§ Material provided:
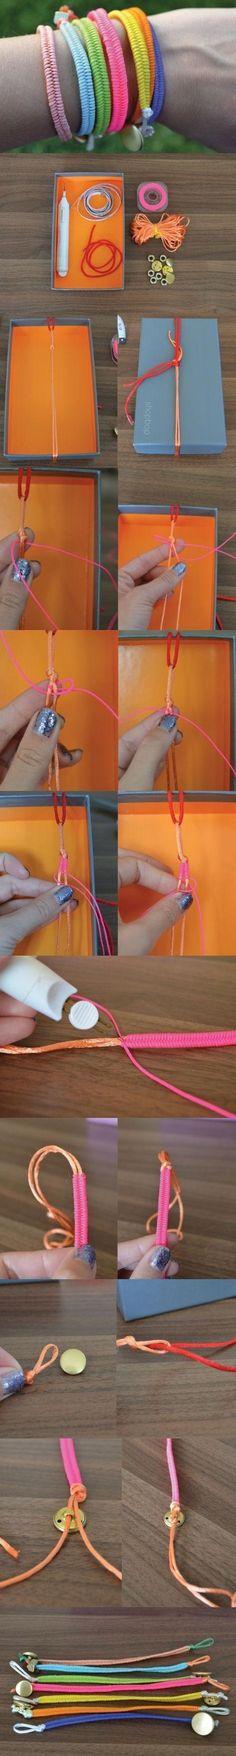 DIY Fishtail Bracelet DIY Projects
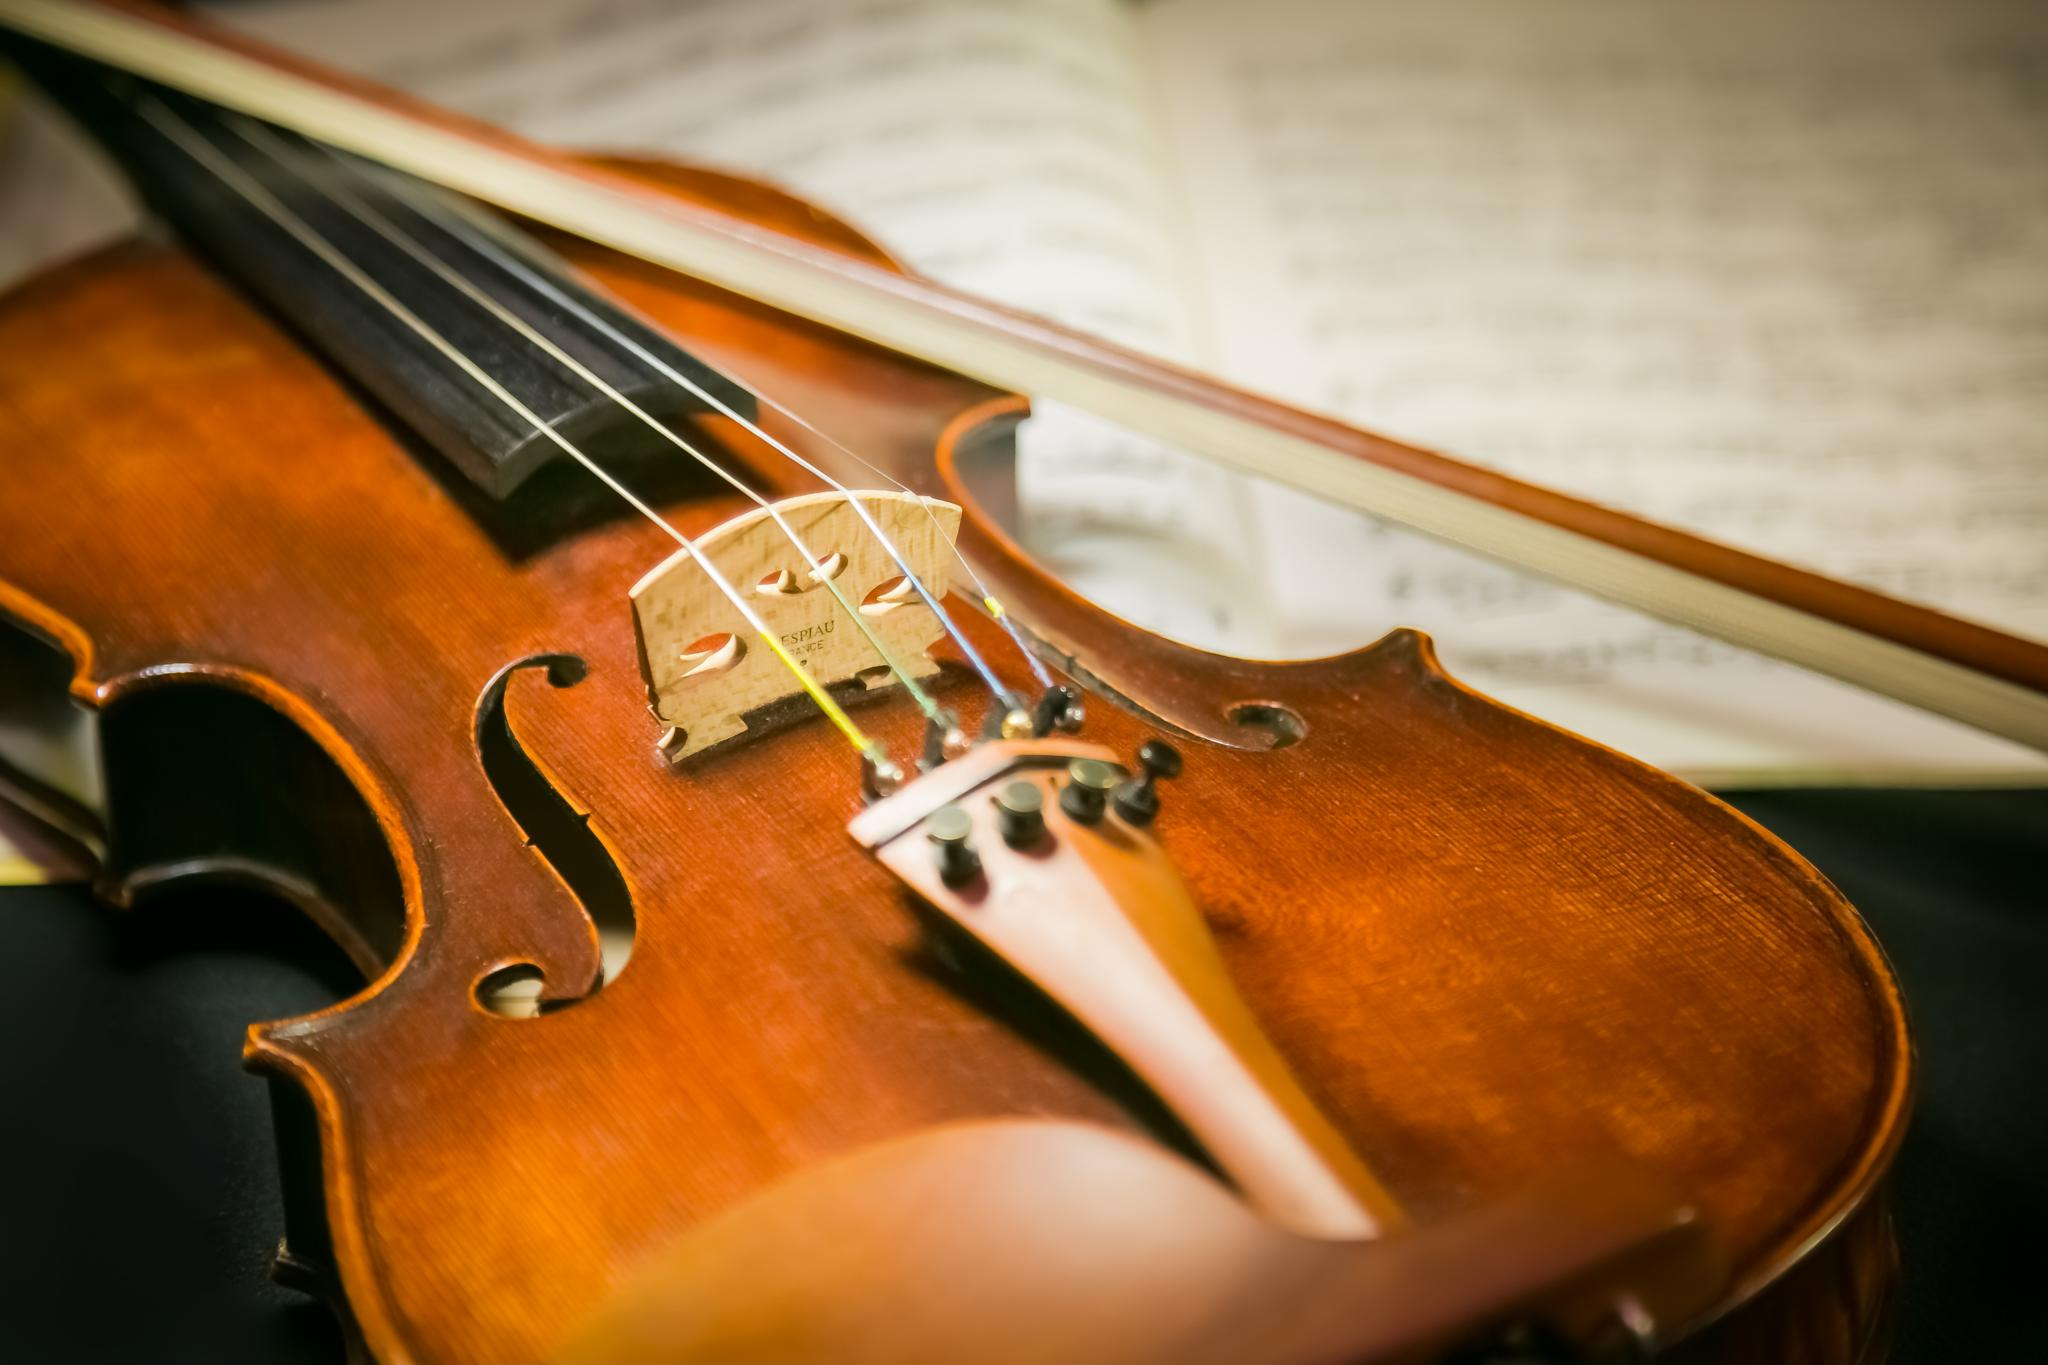 Violin by Cary Chu
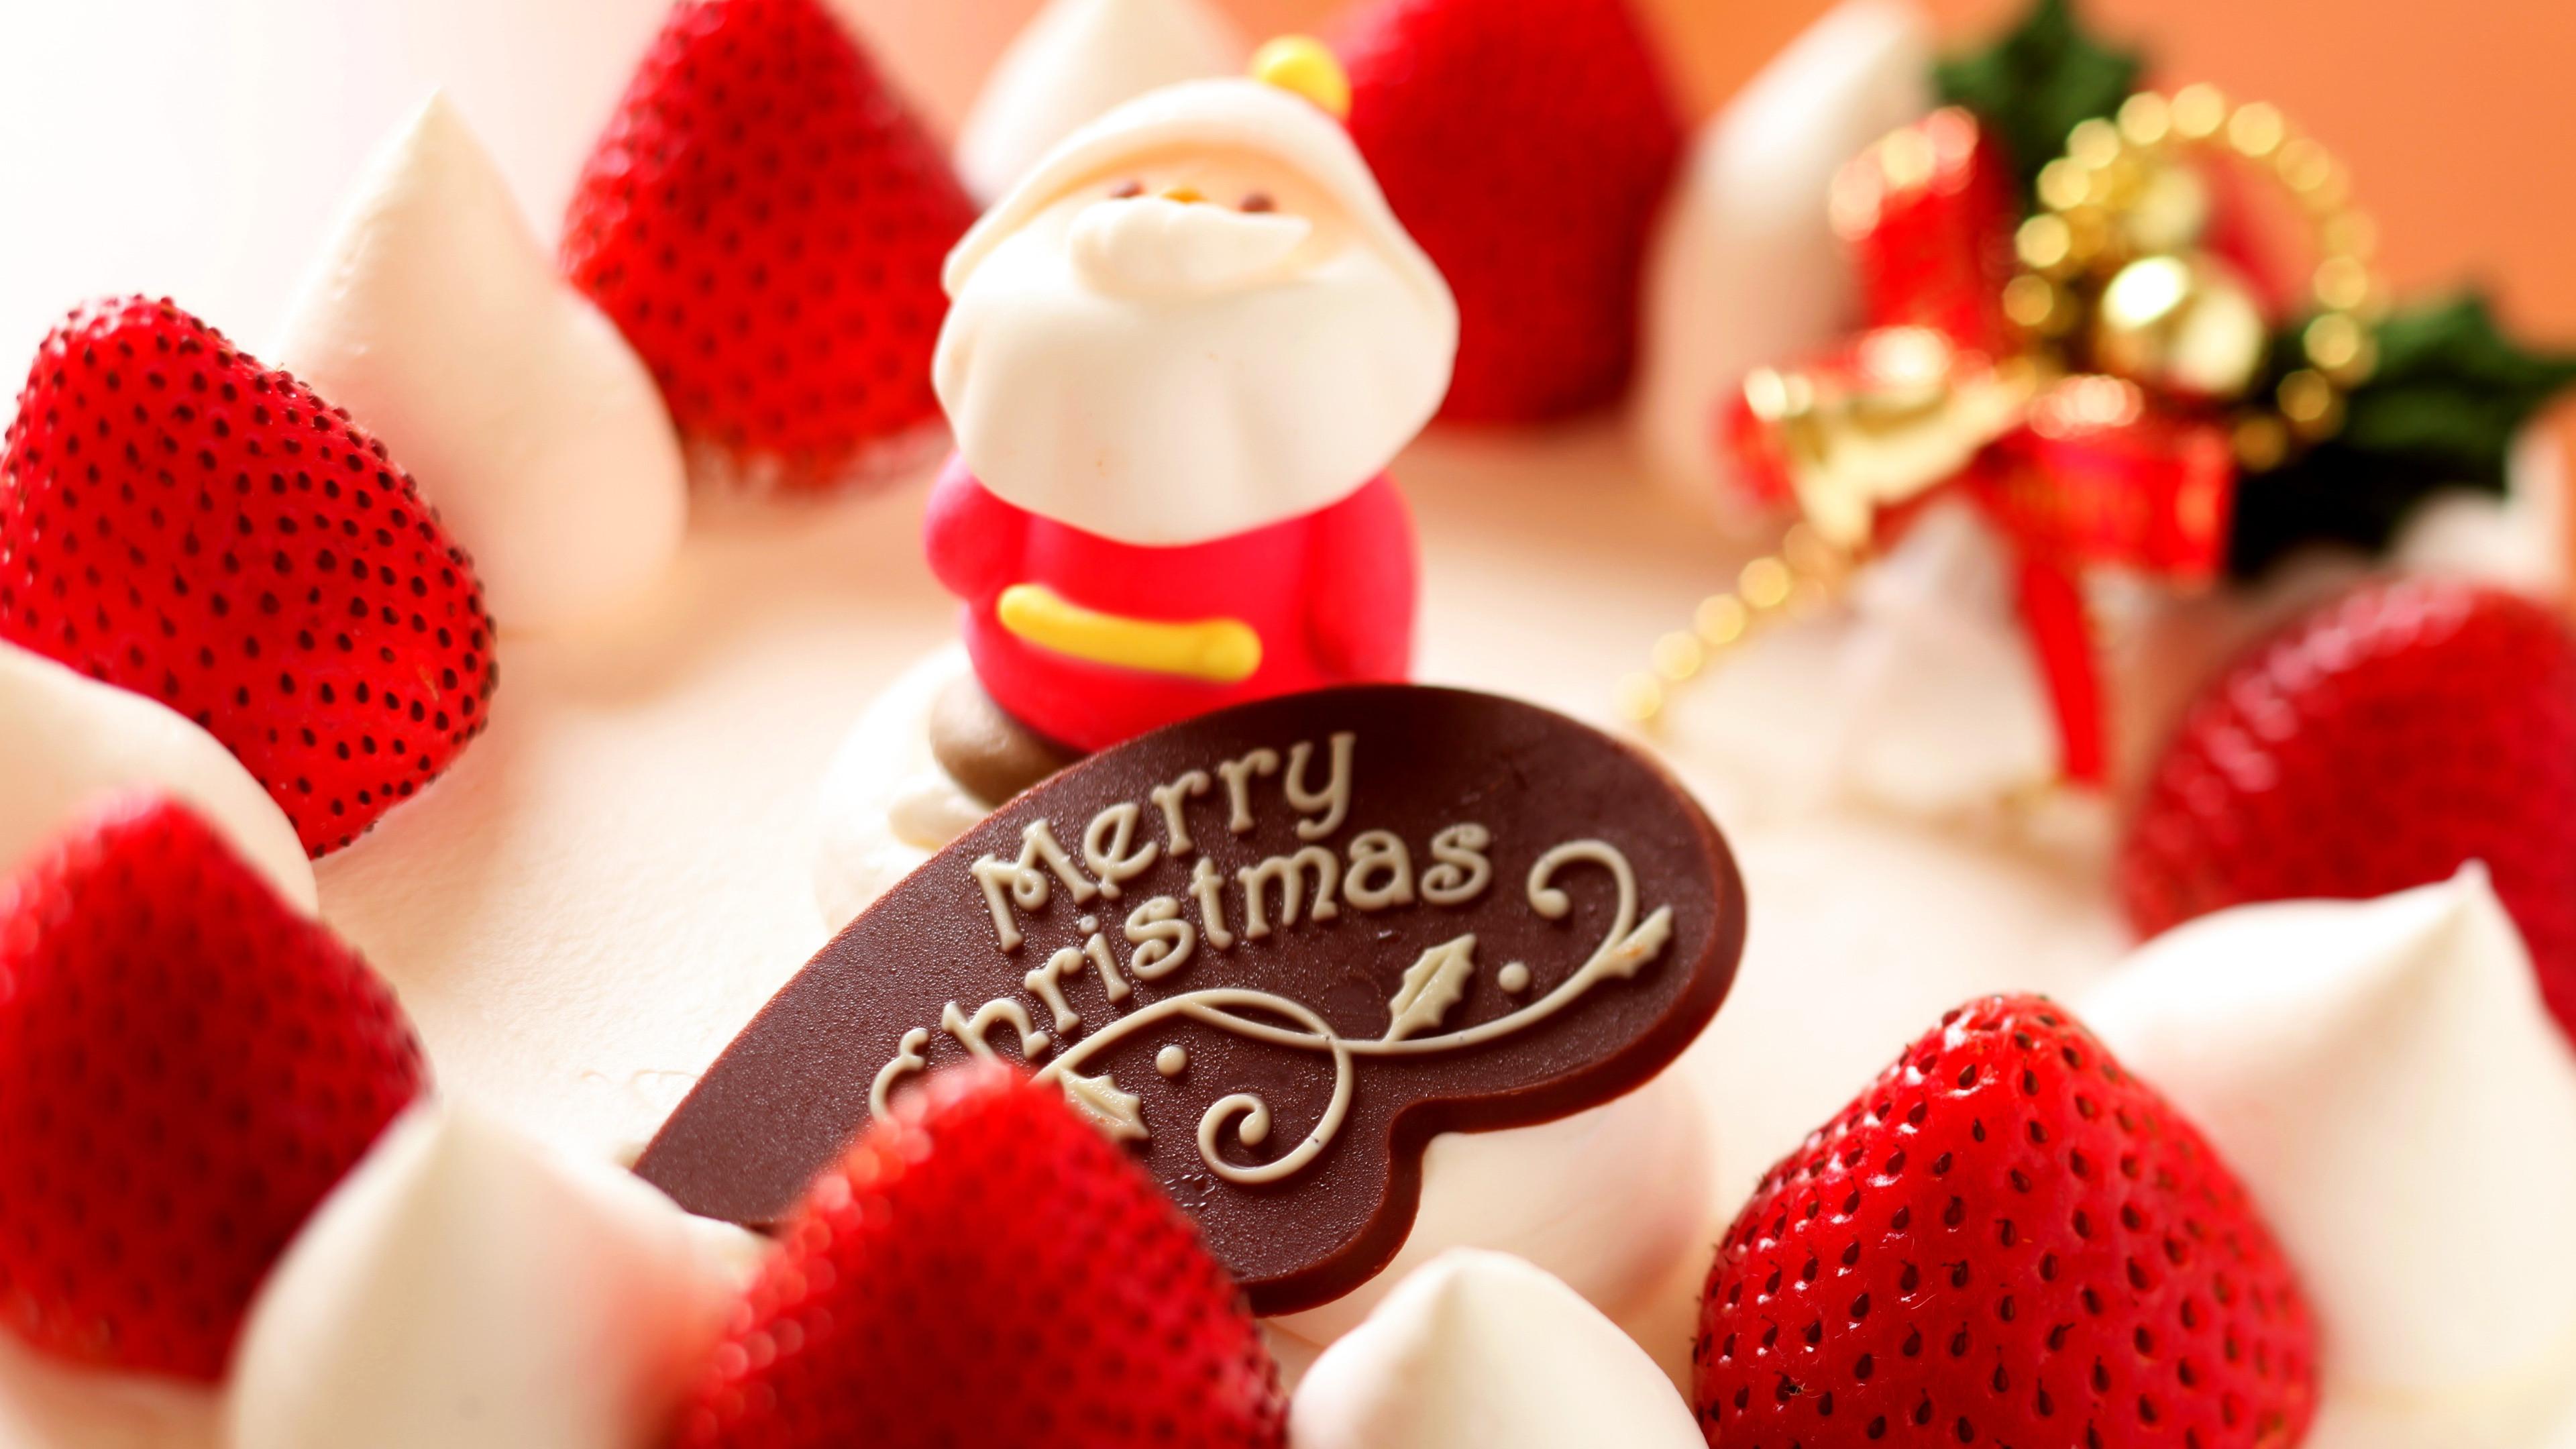 Merry Christmas, Strawberry dessert, Santa Claus, 4K
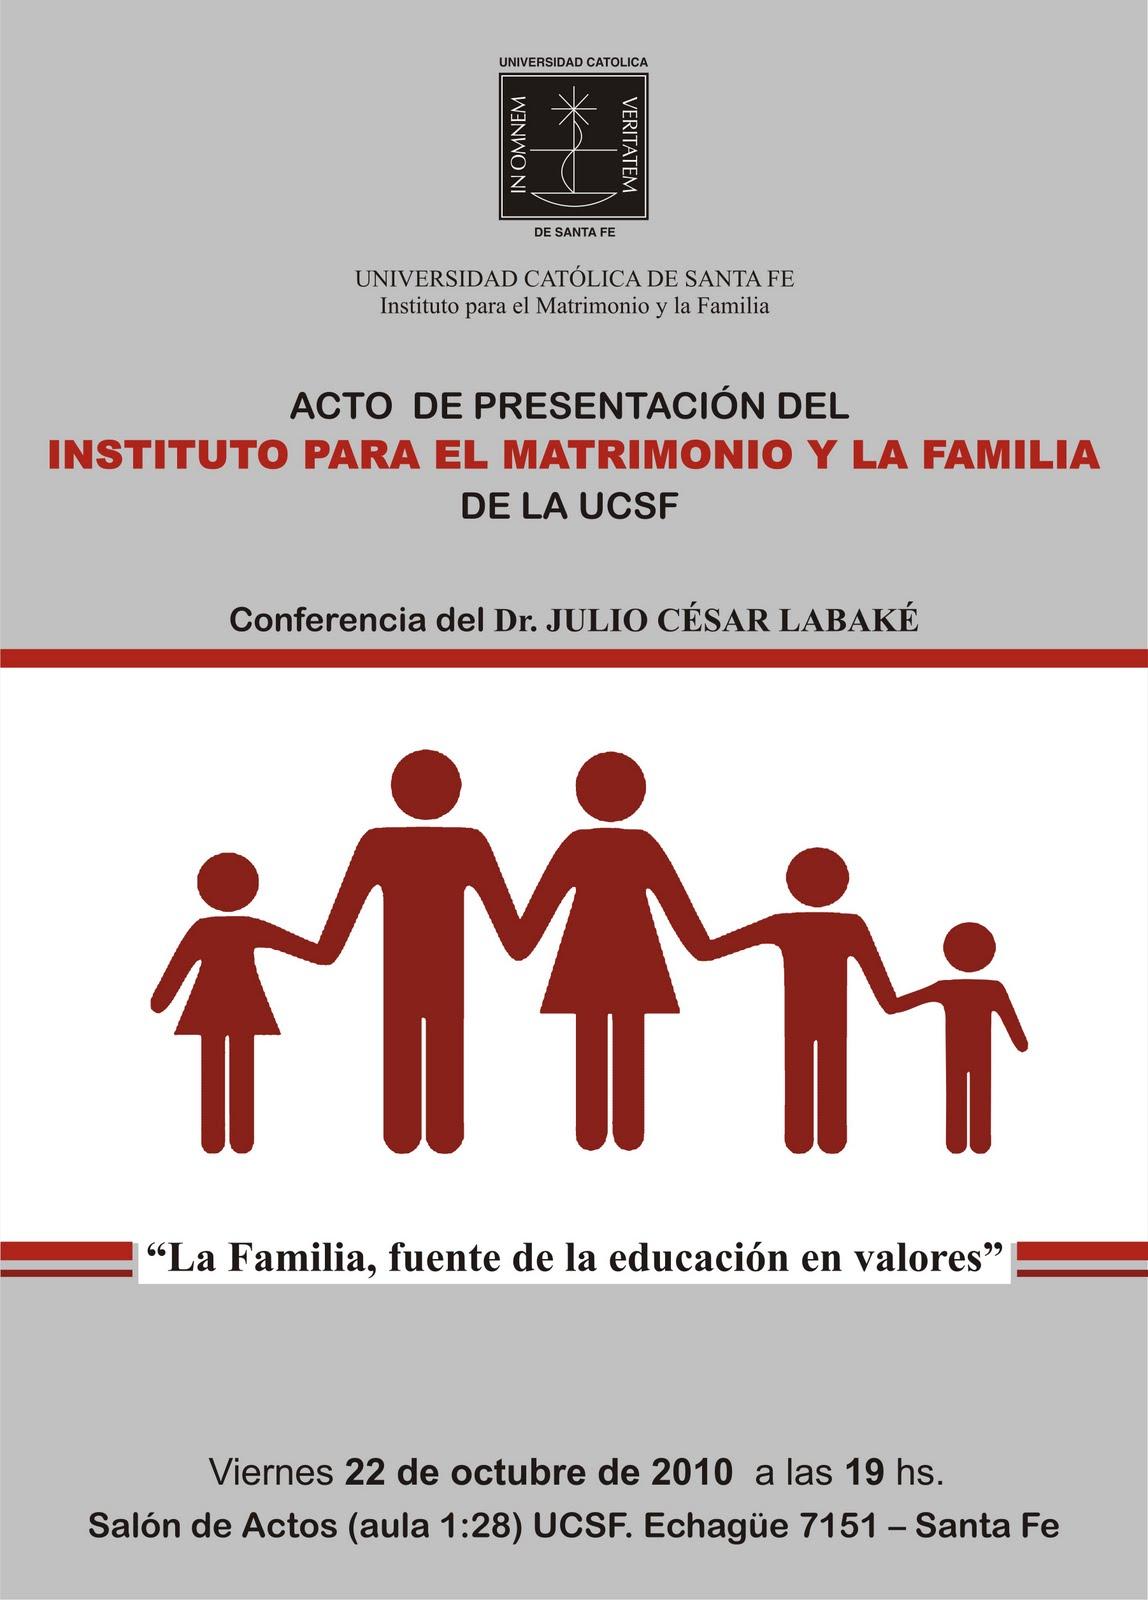 Matrimonio Universidad Catolica : Nuevo instituto para el matrimonio y la familia en ucsf

§ Action item: Leave every picture out and write out exactly the lines from the line with "Violin by Cary Chu" through the last line of the material.

§ Written solution:
 Violin by Cary Chu
 Merry Christmas, Strawberry dessert, Santa Claus, 4K
 Matrimonio Universidad Catolica : Nuevo instituto para el matrimonio y la familia en ucsf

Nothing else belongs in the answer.